AAV-mediated silencing of Sox4 leads to long-term amelioration of liver phenotypes in mouse models of Alagille syndrome

BACKGROUND & AIMS

In patients with Alagille syndrome (ALGS), bile duct paucity often leads to severe cholestatic phenotypes for which liver transplantation remains the only definitive treatment. No FDA-approved mechanism-based strategies exist to enhance biliary development in ALGS or other diseases with bile duct paucity. We aimed to identify a therapeutic target to address this unmet need.

METHODS

Preclinical ALGS mouse models lacking one copy of Jag1 with or without conditional deletion of one or both copies of Sox9 were used. Sox4 levels were reduced genetically or with adeno-associated virus 8 (AAV8) vectors driving a Sox4-silencing sequence. Liver histology, biliary tree ink injection, serum chemistry, RNAscope (on mouse and human livers), mouse liver single-cell RNA-sequencing (scRNA-Seq), and reanalysis of published human liver bulk RNA-Seq were performed.

RESULTS

Conditional removal of one copy of Sox4 in mouse liver significantly improved the ALGS liver phenotypes in a Sox9-dependent manner. An increase in Sox4/SOX4 expression in early postnatal Jag1-heterozygous mouse livers and ALGS patient livers was observed. scRNA-Seq revealed the appearance of an intermediate hepatobiliary cluster co-expressing Sox4 and Sox9 in Jag1-heterozygous livers.
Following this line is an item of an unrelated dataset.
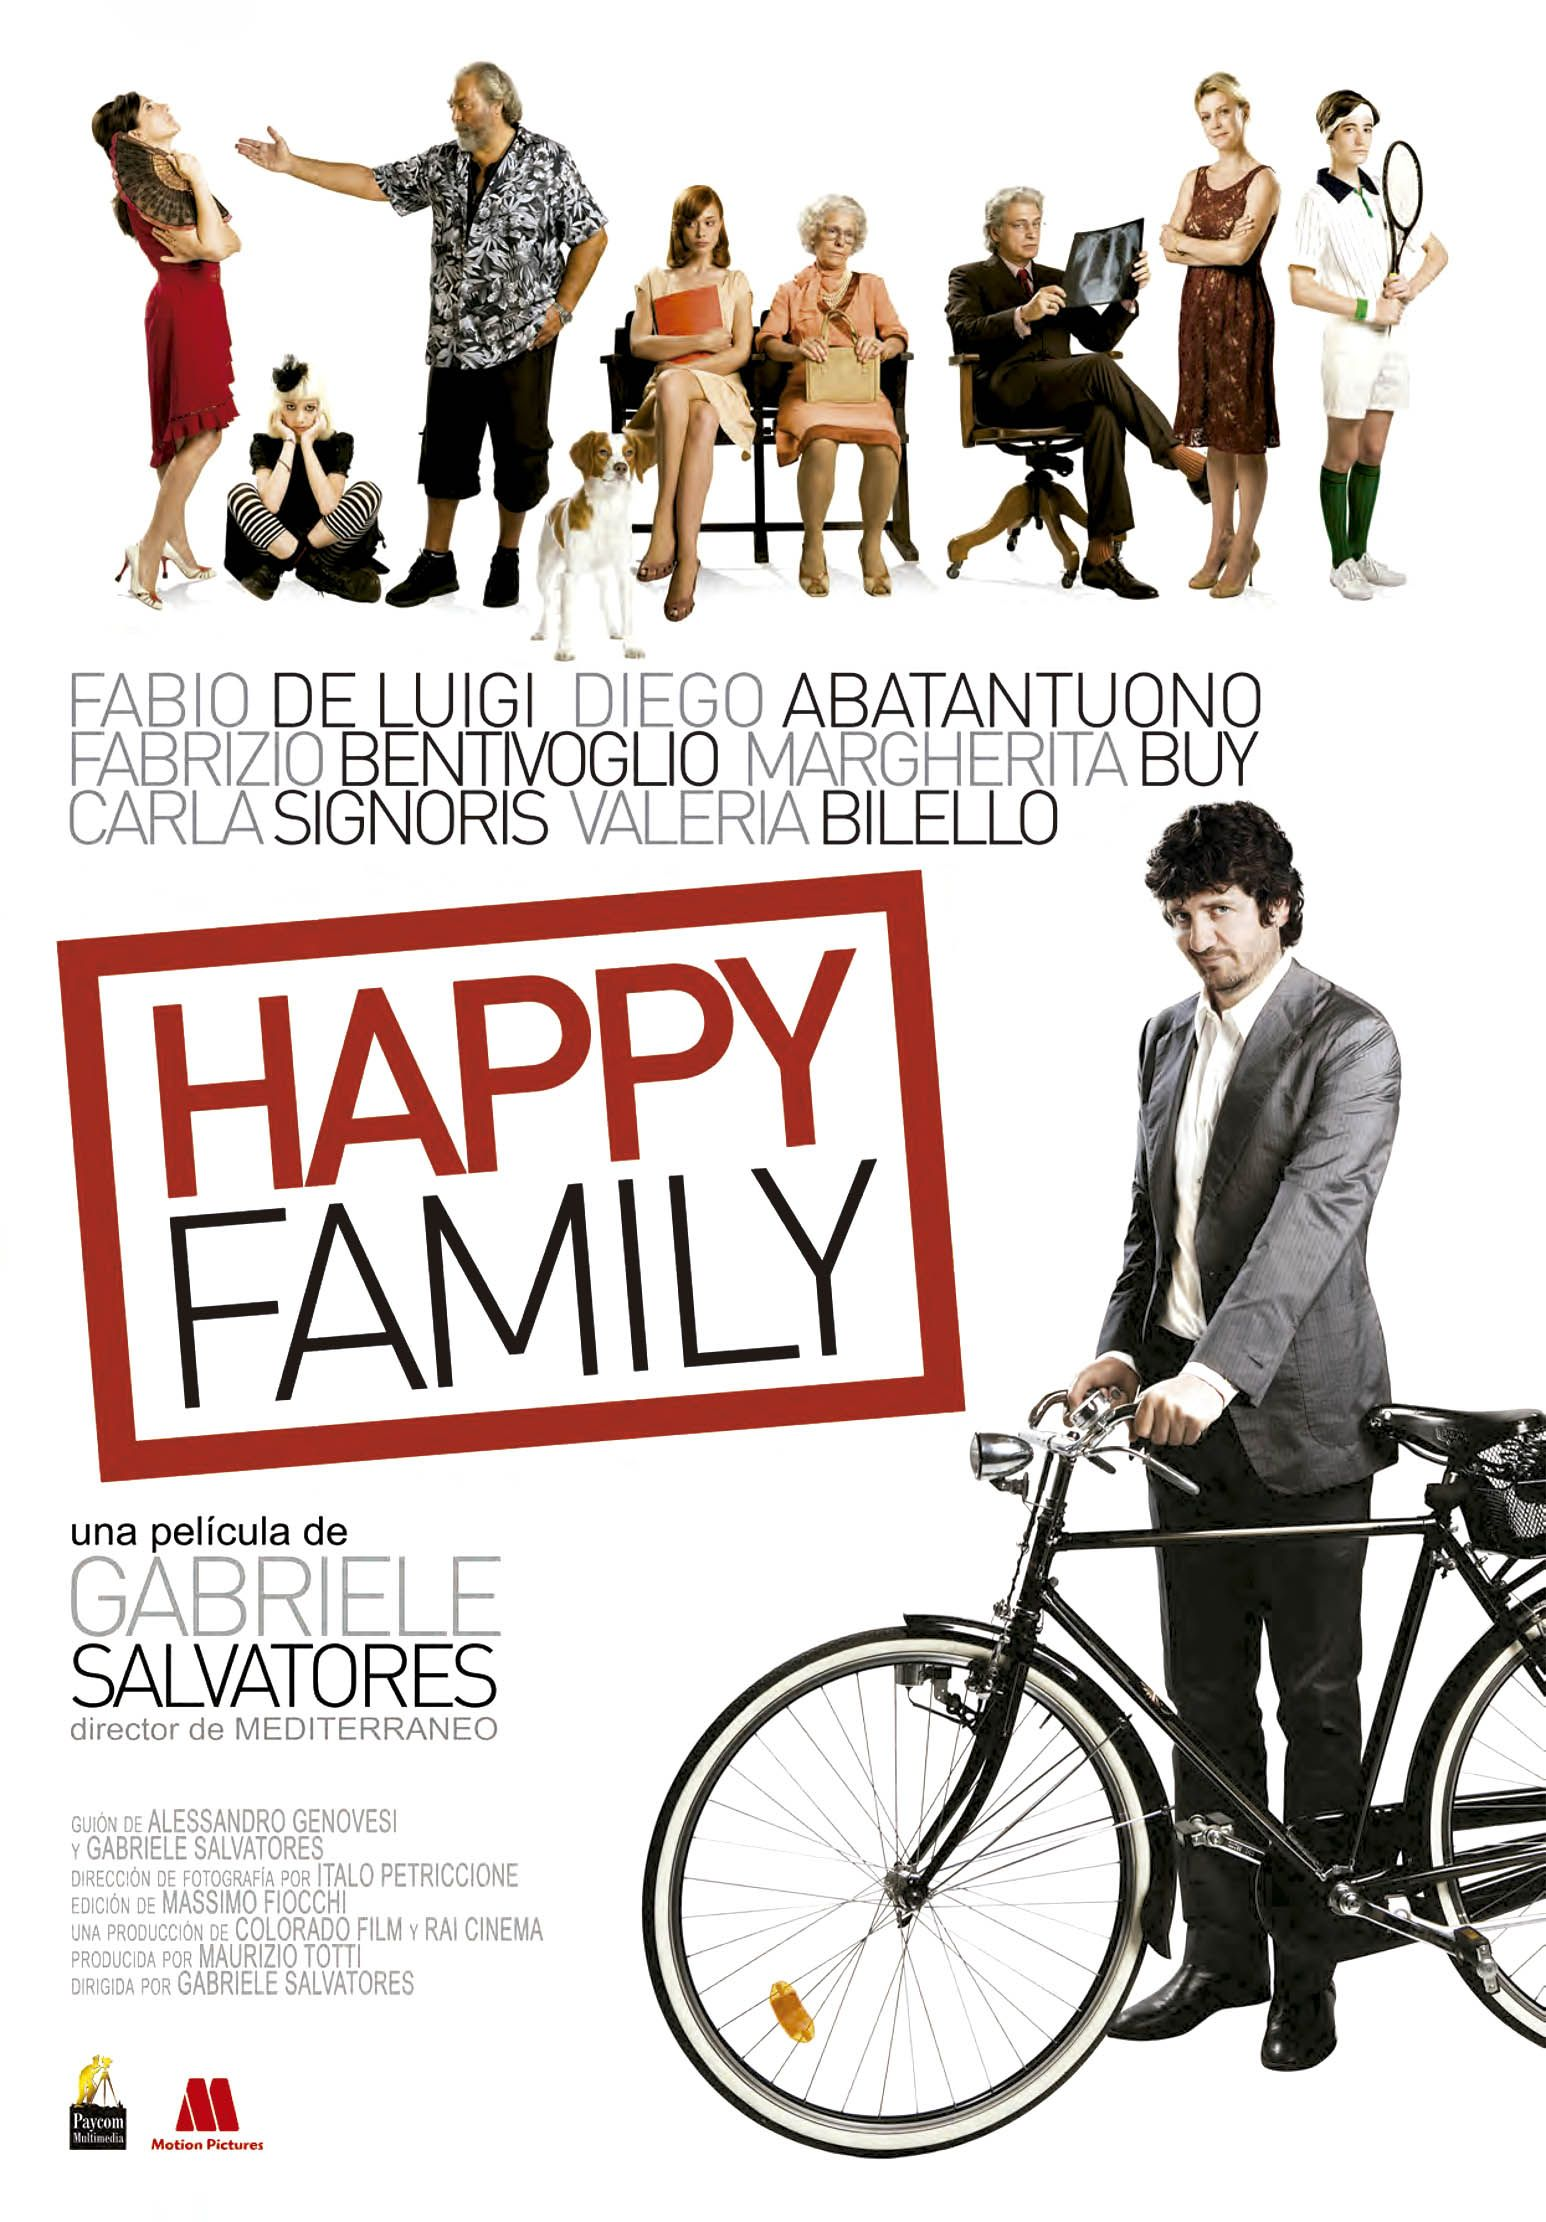 Happy family   Pinterest   Happy family

AAV8-mediated Sox4 knockdown, ubiquitously or driven by the hepatocyte-specific TBG promoter, led to long-term improvement of ALGS liver phenotypes upon injection at postnatal day 1 (P1). AAV8 injection at P15—after the appearance of liver necrosis—led to the incorporation of some transduced cells into bile ducts and phenotypic improvement.

CONCLUSIONS

Preclinical studies provide proof of principle for postnatal AAV-mediated Sox4 knockdown in TBG⁺ cells as a therapeutic approach for ALGS liver disease.